Born in Stockholm, Anna Stecksén was the daughter of general major Johan Olof Billdau Stecksén, who encouraged her to pursue advanced education. She was awarded a Bachelor of Arts at Uppsala University in 1890, and became a student at Karolinska institutet the same year. She pursued her studies at Tübingen and Paris 1898–99. At a time when most women who studied medicine specialized in gynecology, she specialized in pathology

She became the first Swedish woman to defend a thesis in medicine. She was awarded the Doctor of Medicine in 1900. Her thesis, Studie öfver Curtis blastomyocel - från svulst - etiologisk synpunk investigated whether there was any truth in the then-popular theory that cancer was caused by Saccharomyces cerevisiae.
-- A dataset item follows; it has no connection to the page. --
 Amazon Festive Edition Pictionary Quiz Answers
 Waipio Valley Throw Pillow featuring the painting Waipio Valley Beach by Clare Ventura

Her findings were not conclusive, but interesting enough for her to raise the funds to continue her research. She was only the second women to publish in the Swedish medical journal Hygiea. She contracted an infection caused by her work in her laboratory in 1902 which eventually led to her death in 1904, in Södertälje. She was buried at Norra cemetery in Solna.